Rosneft gets into oil shipping ahead of EU embargo
Russian oil major Rosneft is expanding its tanker chartering business in a bid to simplify oil delivery to customers ahead of the EU sanctions, which include a ban on insuring Russian oil shipments, Reuters reported on Tuesday, citing people familiar with the matter.
Prior to sanctions, Rosneft was using the free-on-board (FOB) scheme in oil sales, offering the crude at port, while the buyer had to charter tankers, pay freight, insurance, and delivery costs. Previously, the company had long-term contracts with major trading groups that covered most of the operational costs.
But with the EU ban on insuring tankers carrying Russian oil coming into force on December 5, customers are asking Rosneft to ensure delivery to the final destination and cover insurance and freight expenses.
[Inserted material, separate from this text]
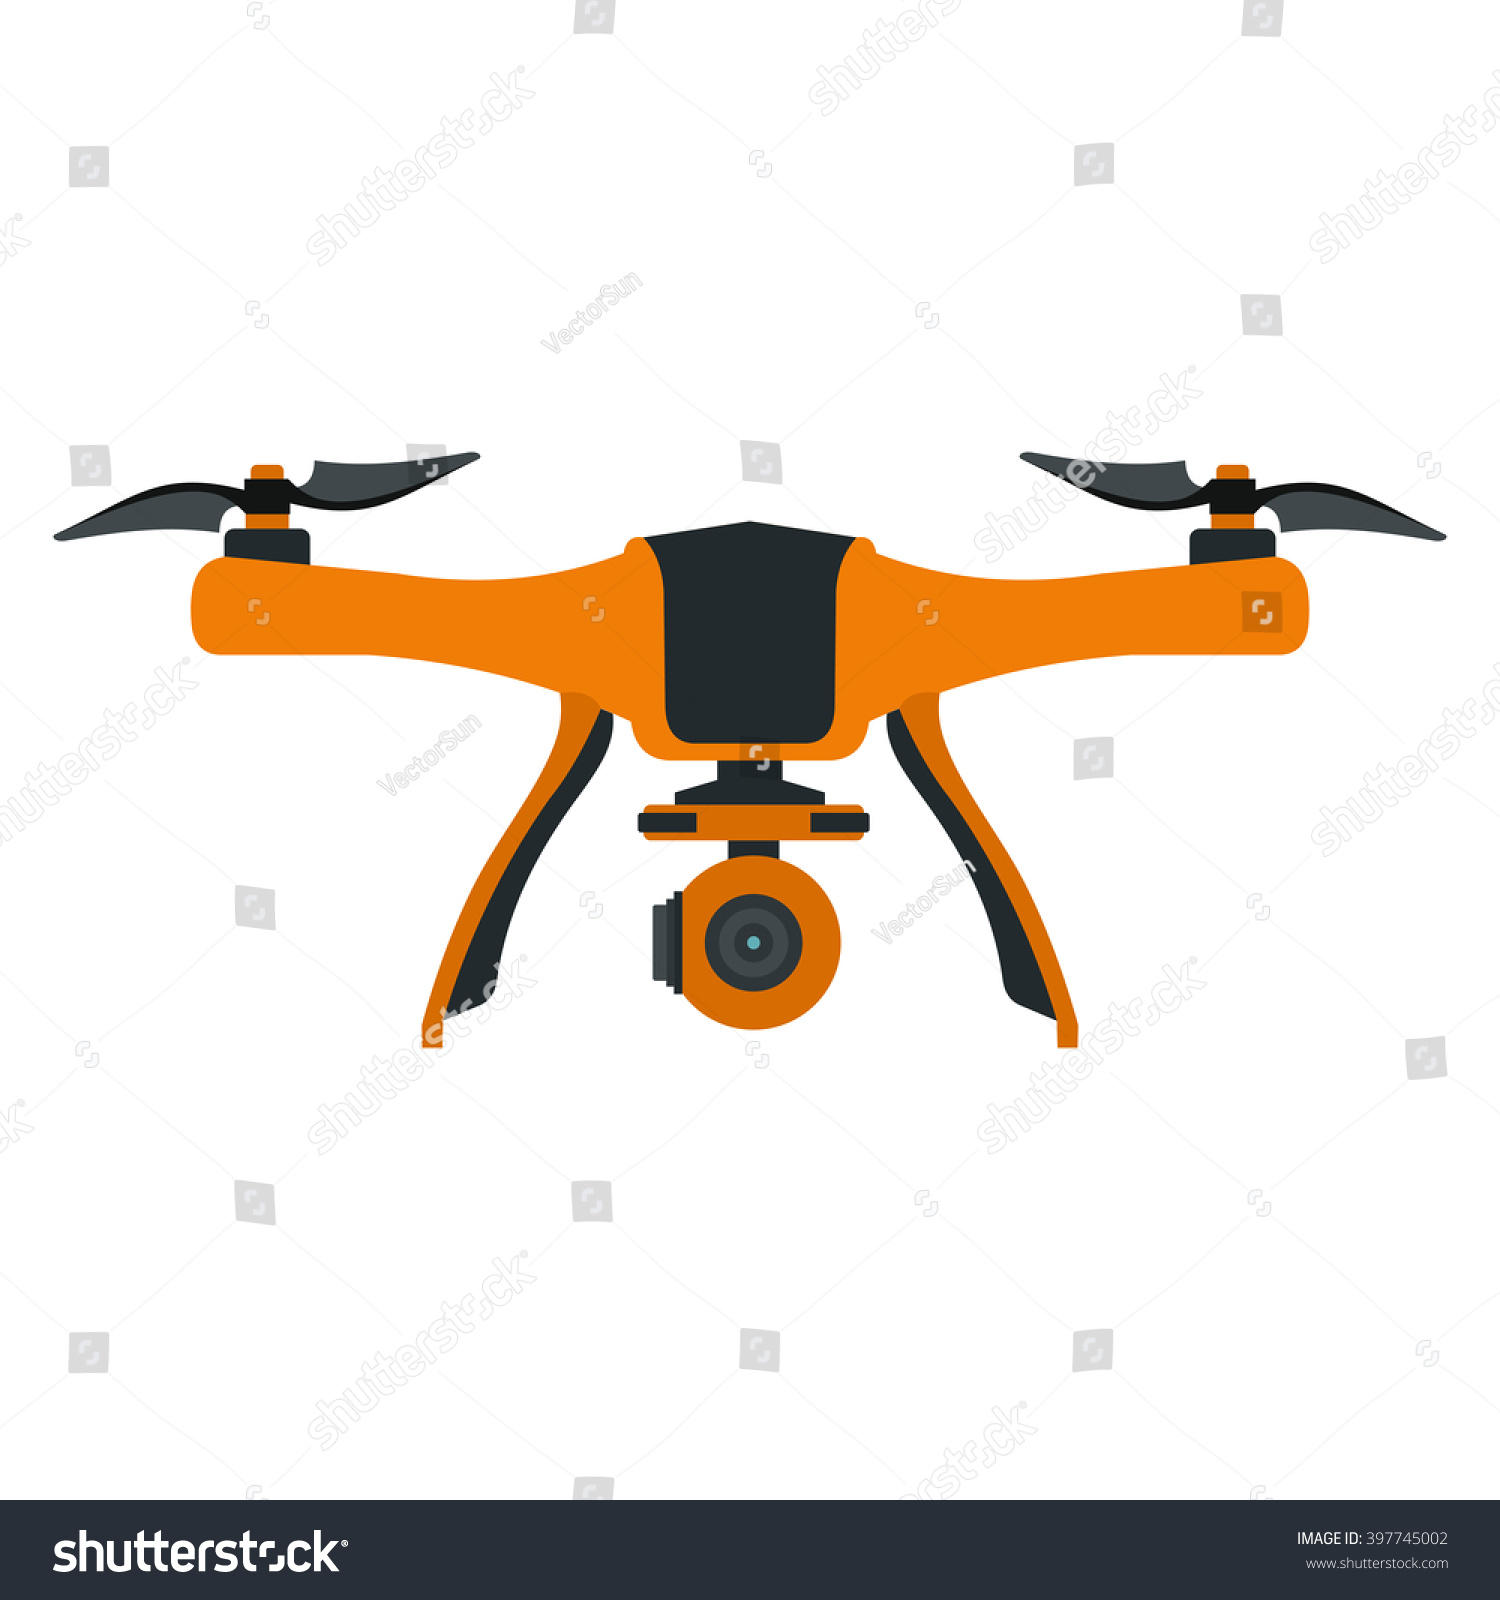 Vector Illustration Drone Quadrocopter Isolated On Stock Vector ...

Russia still sells substantial volumes of crude to the EU, but once the embargo comes into effect, it will have to redirect 25% of its oil exports to new markets.
Data from Refinitiv Eikon shows that seaborne exports of Russian Urals crude to Asia have already jumped sixfold in January-September compared to the same period in 2021. India increased its oil purchases by 13.5 times year-on-year in the first eight months of this year. China, meanwhile, became the biggest importer of Russian oil between May and July 2022.
By offering freight services, Rosneft will help customers from regions not subject to sanctions to receive oil supplies without delays, given that many of them are unable to handle freight and shipping.